Jolene’s mom is addicted to oxycodone after a severe injury in an auto accident. She is incapacitated and completely ignores her daughter. Jolene finds some joy at the library watching “The Desert Aviator,” a live-stream show starring a young girl who flies an Ultralight plane over the Arizona desert. The two become friends, and then one day, as Jolene watches, Addie screams and crashes the Ultralight into the desert floor. The audio and visual livestream is immediately lost.
Jolene is terrified for her friend. But everybody, from the Librarian to a local cop to the ranger station in the desert, refuses to listen to her. No one believes her. Even her mother is so spaced out that she can’t respond to Jolene’s pleas. And so the girl sets out on her own with her mom’s cell phone and charger, a credit card, a jug of water, some snacks, and a map she’s drawn to rescue her only “friend.” According to Jolene’s map, the crash is 300 miles away.

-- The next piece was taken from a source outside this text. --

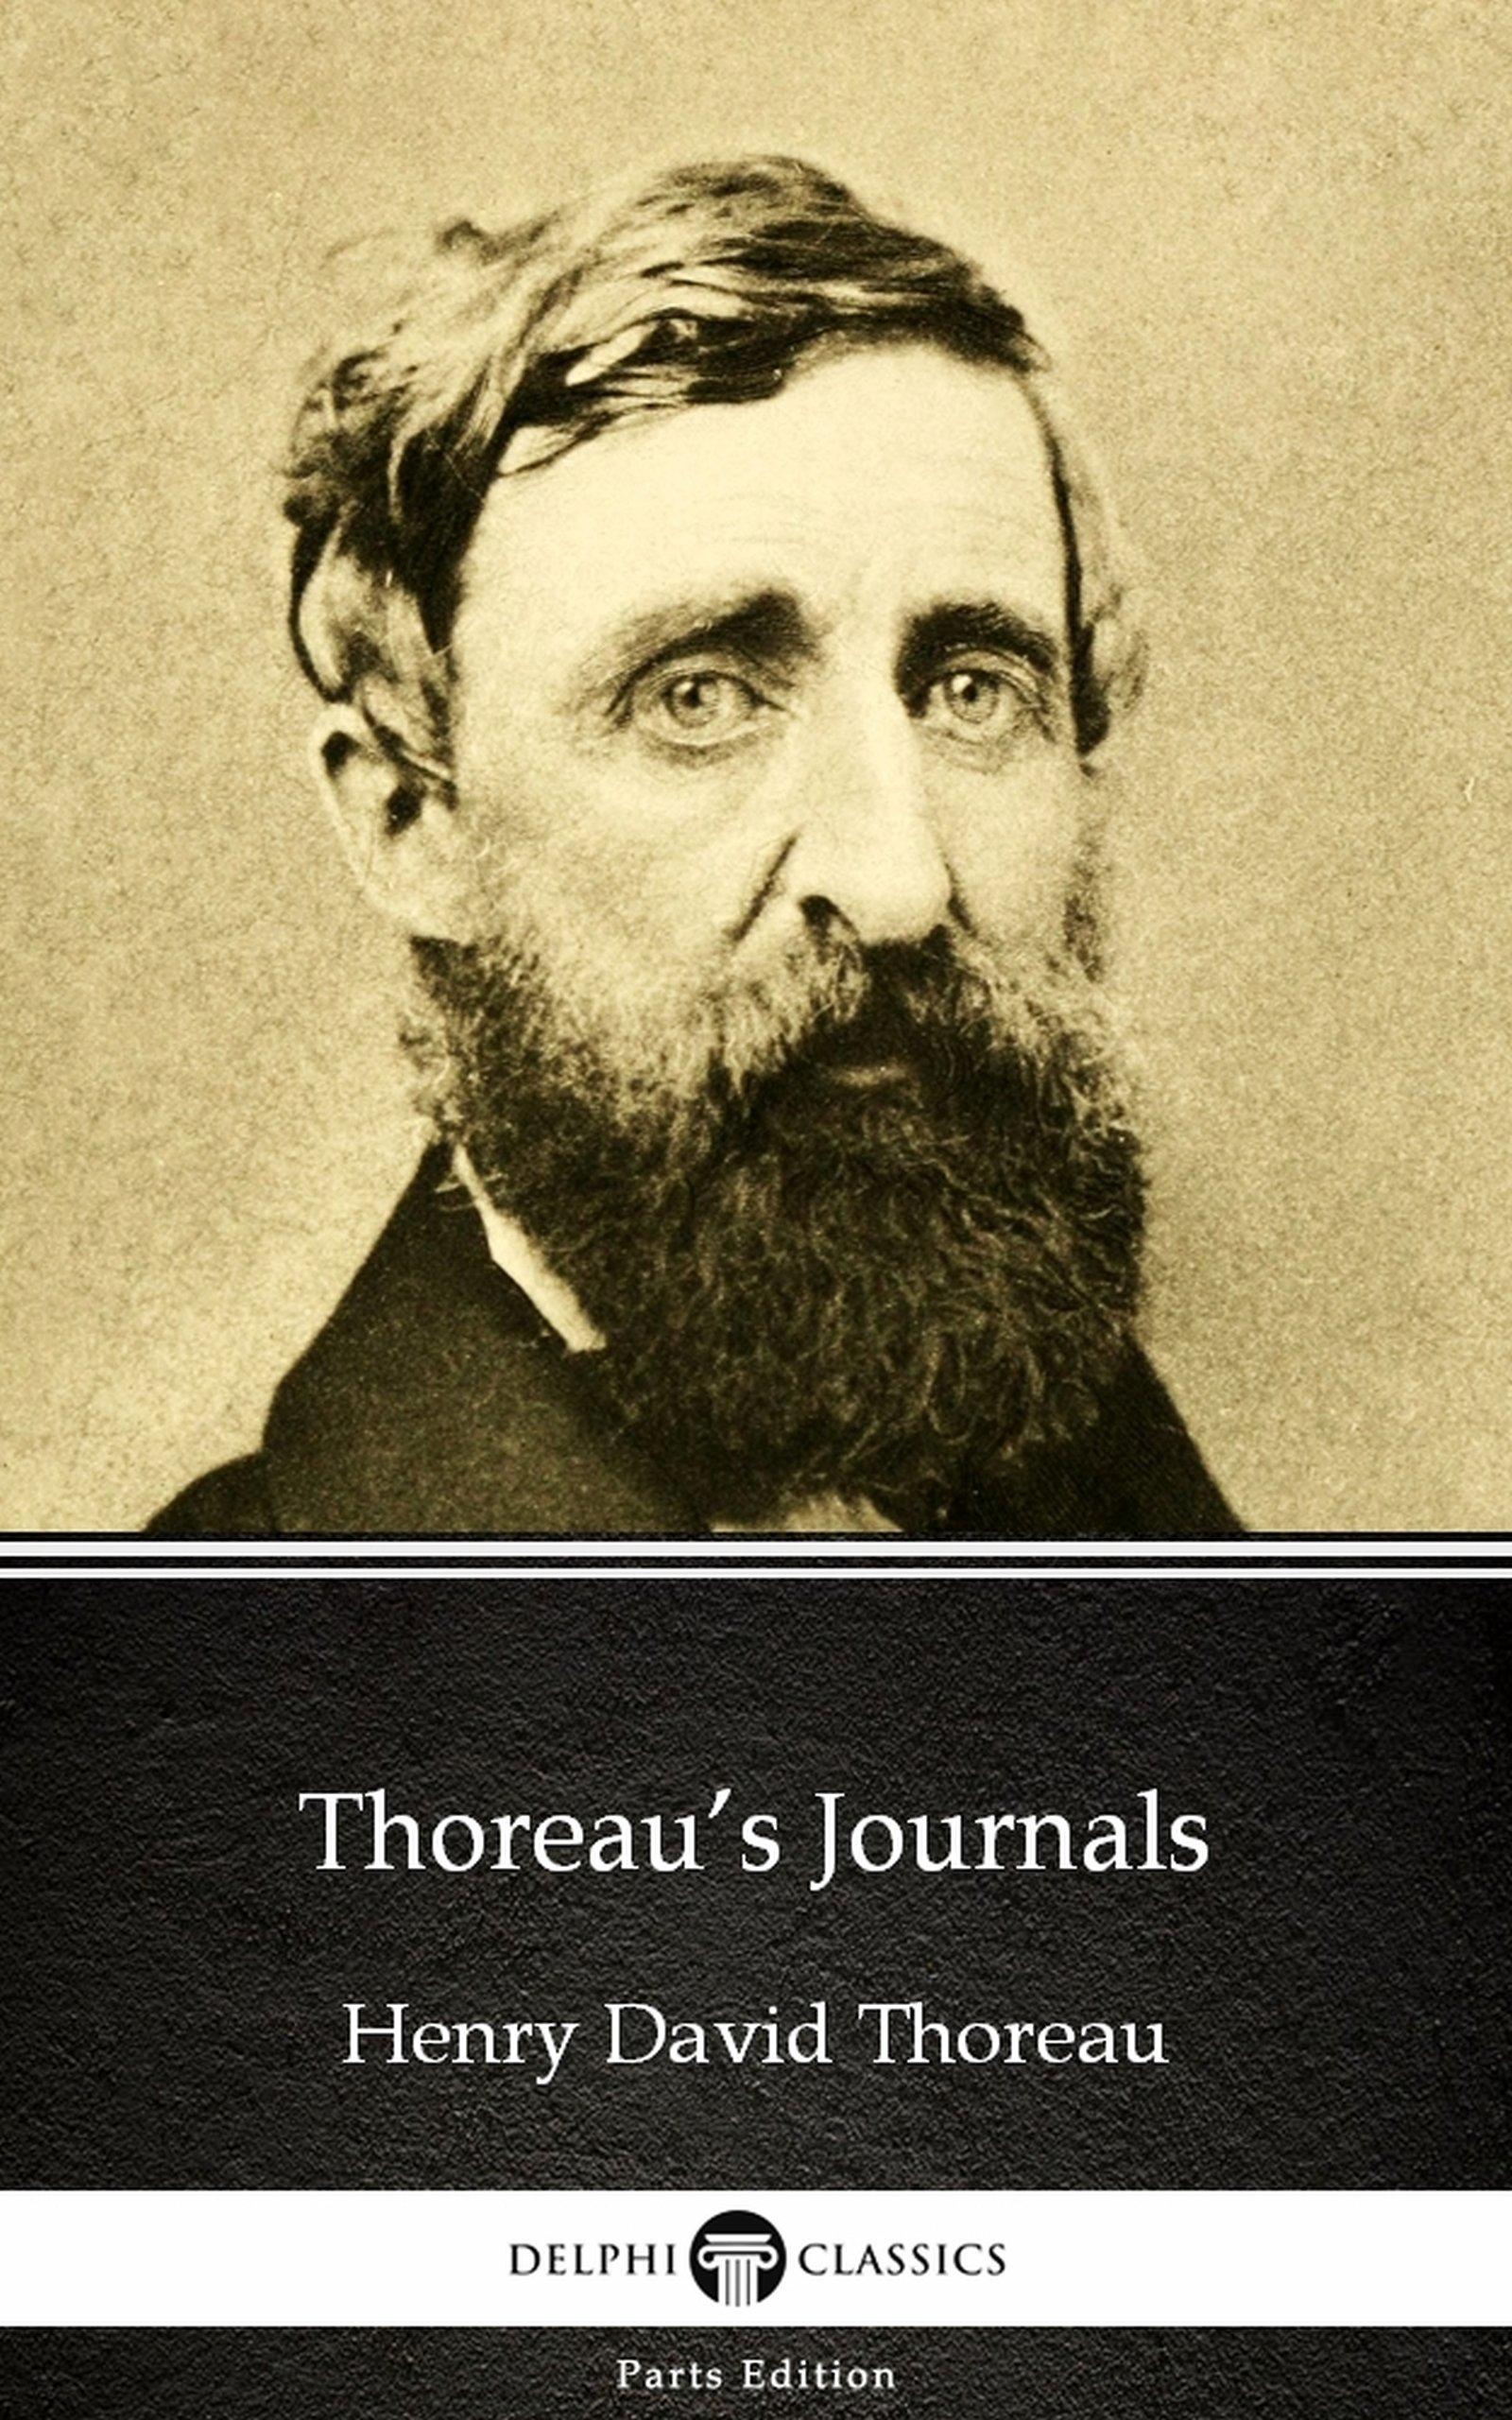 Thoreau's Journals by Henry David Thoreau - Delphi Classics (Annotated) (Delphi Parts Edition (Henry David Thoreau) Book 36)

The following journey is arduous and desperate. Terrible things happen to Jolene, but she presses on, knowing the urgency of Addie’s situation. Along the way, a 17-year-old girl, Martina, is dragged into the impossible rescue and provides some help that a 12-year-old couldn’t manage.
But they run out of water and cell phone service. They are injured, exhausted, and out of strength. Despite all the obstacles, Jolene never loses sight of her goal and finally glimpses the crashed ultralight.
But the worst of the journey is ahead, with a very sick and injured Addie. Can they all survive?
Jolene’s strength and resilience will inspire readers. And the help that finally comes from strangers will encourage anyone who feels they are in desperate or hopeless circumstances. I highly recommend the book to adults as well as kids.